Note for Custom Workflows: If you're using a custom workflow with different capabilities (e.g., single-image only or different prompting requirements), you should modify the edit_image function's docstring in the tool code. The docstring instructs the AI on how to use the tool and what prompting strategies work best. Adjust it to match your workflow's specific capabilities and requirements.

Multi-Image Support Status:

Qwen Edit 2509: Full support for 1-3 images (default workflow)
Flux Kontext: Single image currently; multi-image support planned for future release
Custom workflows: Depends on your workflow implementation

Qwen Image Edit Example Example of Qwen Image Edit 2509 transforming a cyberpunk dolphin into a natural mountain scene

ComfyUI ACE Step 1.5 Audio Tool

Description

Generate high-quality music using the improved ACE Step 1.5 model via ComfyUI. This tool builds upon the legacy version with enhanced control over musical elements like key, time signature, BPM, and language. It features the same beautiful embedded player and supports batch generation.

Configuration

comfyui_api_url (str): ComfyUI API endpoint (default: http://localhost:8188)
model_name (str): ACE Step 1.5 checkpoint name (default: ace_step_1.5_turbo_aio.safetensors)
batch_size (int): Number of tracks to generate per request (default: 1)
max_duration (int): Maximum song duration in seconds (default: 180)
max_number_of_steps (int): Maximum allowed sampling steps (default: 50)
max_wait_time (int): Max wait time for generation in seconds (default: 600)
workflow_json (str): ComfyUI Workflow JSON (default: ace_step_1.5_workflow)
checkpoint_node (str): Node ID for CheckpointLoaderSimple (default: "97")
text_encoder_node (str): Node ID for TextEncodeAceStepAudio1.5 (default: "94")
empty_latent_node (str): Node ID for EmptyAceStep1.5LatentAudio (default: "98")
sampler_node (str): Node ID for KSampler (default: "3")
save_node (str): Node ID for SaveAudioMP3 (default: "104")
vae_decode_node (str): Node ID for VAEDecodeAudio (default: "18")
unload_node (str): Node ID for UnloadAllModels (default: "105")
owui_base_url (str): Open WebUI base URL (default: http://localhost:3000)
save_local (bool): Save generated audio to local storage (default: True)
show_player_embed (bool): Show the embedded audio player (default: True)
unload_comfyui_models (bool): Unload models after generation using ComfyUI-Unload-Model node (default: False)

Prerequisites

ComfyUI-Unload-Model Node: To use the model unloading feature (unload_comfyui_models), you must install the ComfyUI-Unload-Model custom node in your ComfyUI instance.

Note: You can use other model unloading nodes in a custom workflow, but you must correctly configure the unload_node valve with the ID of that node.

User Configuration (Per-User Valves)

Users can customize these settings for their individual sessions by clicking the "Valves" icon in the chat interface:

generate_audio_codes (bool): Enable/disable audio code generation.
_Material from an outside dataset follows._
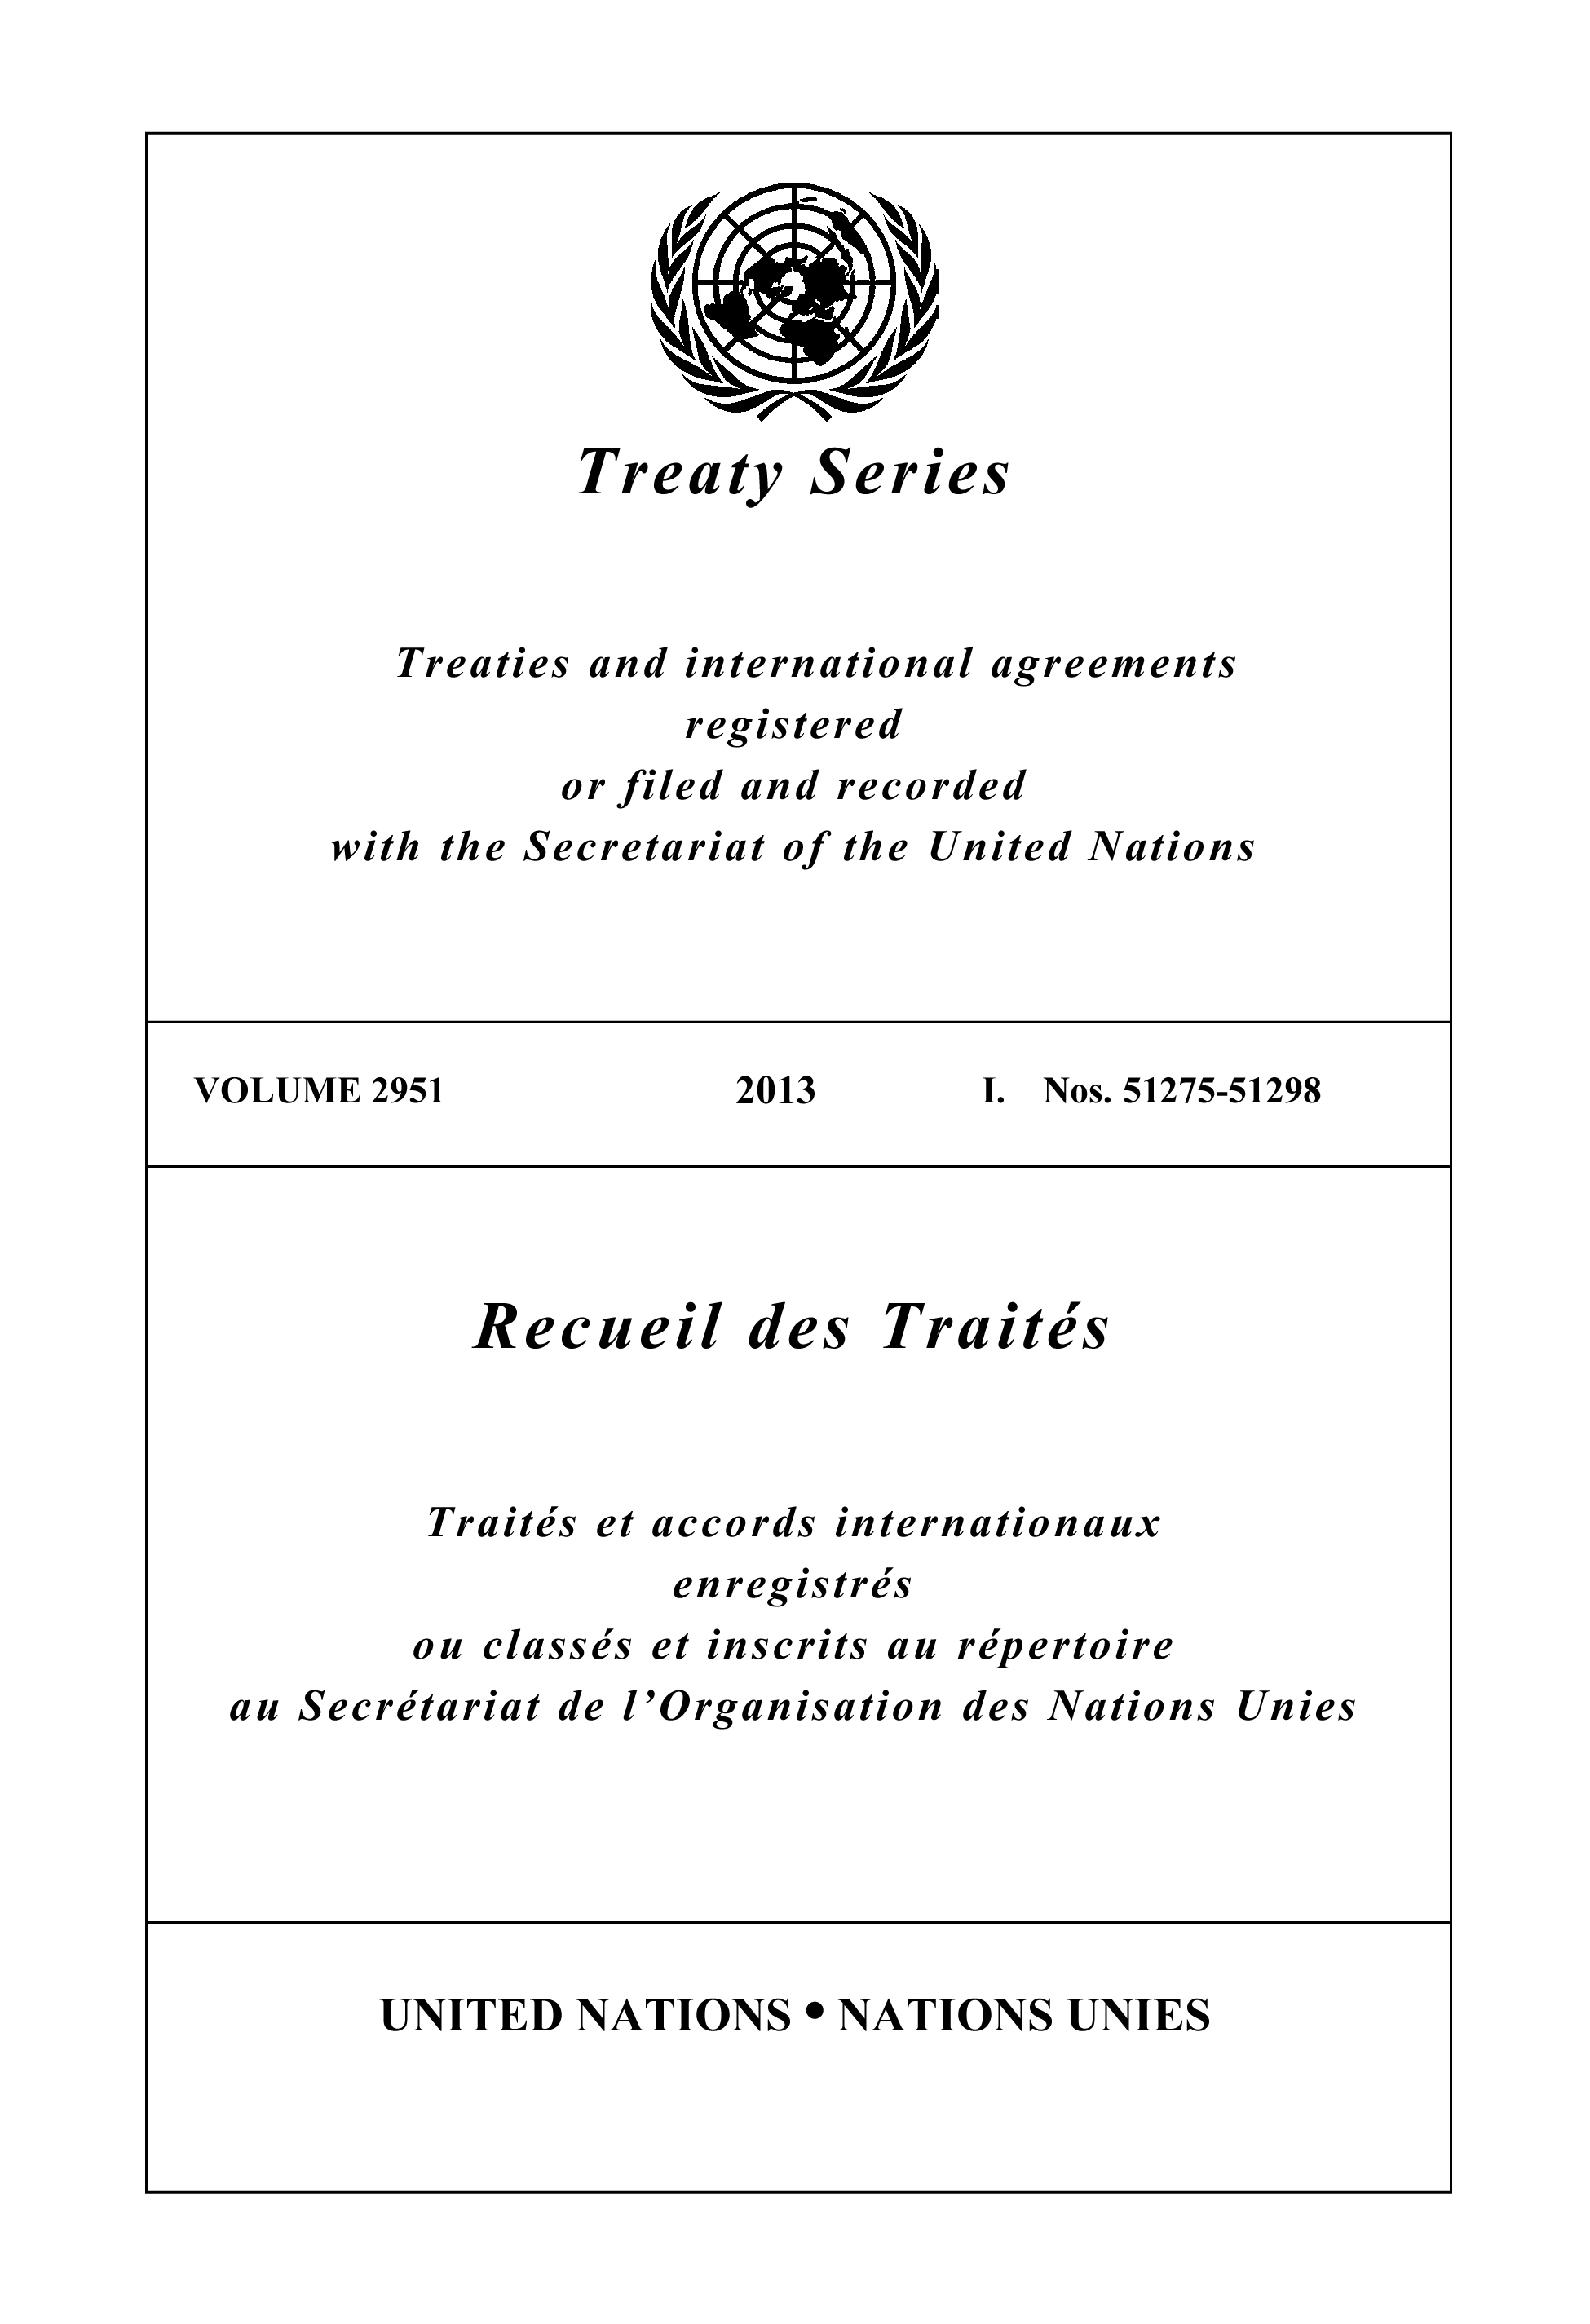 image of Treaty Series 2951

Disabling it (Fast Mode) speeds up generation but may reduce quality (default: True)
steps (int): Number of sampling steps for generation. Higher values may improve quality but take longer (default: 8, capped by Admin max_number_of_steps)
seed (int): Random seed for generation. Set to -1 for random, or a specific number for reproducible results (default: -1)

Usage

Example:

Generate a "cyberpunk, darkwave" song about "AI takeover" in E minor, 140 BPM, duration 60s

Advanced Features:

ACE Step 1.5 Audio Player

Control Key Scale (e.g., "C Major", "F# Minor")
Set Time Signature (e.g., 4/4, 3/4)
Choose Language (e.g., "en", "ja", "zh")

Features

New in 1.5: Key scale, time signature, language support, and improved audio quality
Batch Generation: Generate multiple variations at once
Embedded Player: Sleek, transparent player with lyrics and waveform visualization
Customizable: Full control over generation parameters

ComfyUI ACE Step Audio Tool (Legacy)

Description

Generate music using the ACE Step AI model via ComfyUI. This tool lets you create songs from tags and lyrics, with full control over the workflow JSON and node numbers. Features a beautiful, transparent custom audio player with play/pause controls, progress tracking, volume adjustment, and a clean scrollable lyrics display. Designed for advanced music generation and can be customized for different genres and moods.

Configuration

comfyui_api_url (str): ComfyUI API endpoint (e.g., http://localhost:8188)
model_name (str): Model checkpoint to use (default: ACE_STEP/ace_step_v1_3.5b.safetensors)
workflow_json (str): Full ACE Step workflow JSON as a string. Use {tags}, {lyrics}, and {model_name} as placeholders.
tags_node (str): Node number for the tags input (default: "14")
lyrics_node (str): Node number for the lyrics input (default: "14")
model_node (str): Node number for the model checkpoint input (default: "40")
save_local (bool): Copy the generated song to Open WebUI storage backend (default: True)
owui_base_url (str): Your Open WebUI base URL (default: http://localhost:3000)
show_player_embed (bool): Show the embedded audio player. If false, only returns download link (default: True)

Usage

Import the ACE Step workflow:
- In ComfyUI, go to the workflow import section and load extras/ace_step_api.json.
- Adjust nodes as needed for your setup.
Configure the tool in Open WebUI:
- Set the comfyui_api_url to your ComfyUI backend.
- Paste the workflow JSON (from the file or your own) into workflow_json.
- Set the correct node numbers if you modified the workflow.
Generate music:
- Provide a song title, tags, and (optionally) lyrics.
- The tool will return either an embedded audio player or a download link based on your configuration.

Example:

  Generate a song About Ai and Humanity friendship

ACE Step Audio Player The sleek, transparent audio player embedded in Open WebUI chat

Features

Custom Audio Player: Beautiful, semi-transparent player with blur effects
Full Playback Controls: Play/pause, seek, volume control with SVG icons
Song Title Display: User-defined song titles prominently shown
Scrollable Lyrics: Clean lyrics display with custom scrollbar (max 120px height)
Transparent UI: Integrates seamlessly with any Open WebUI theme
Toggle Player: Option to show/hide player embed and just return download links
Local Storage: Optionally saves songs to Open WebUI cache for persistence

Returns an embedded audio player with download link or just the link, depending on configuration. Advanced users can fully customize the workflow for different genres, moods, or creative experiments.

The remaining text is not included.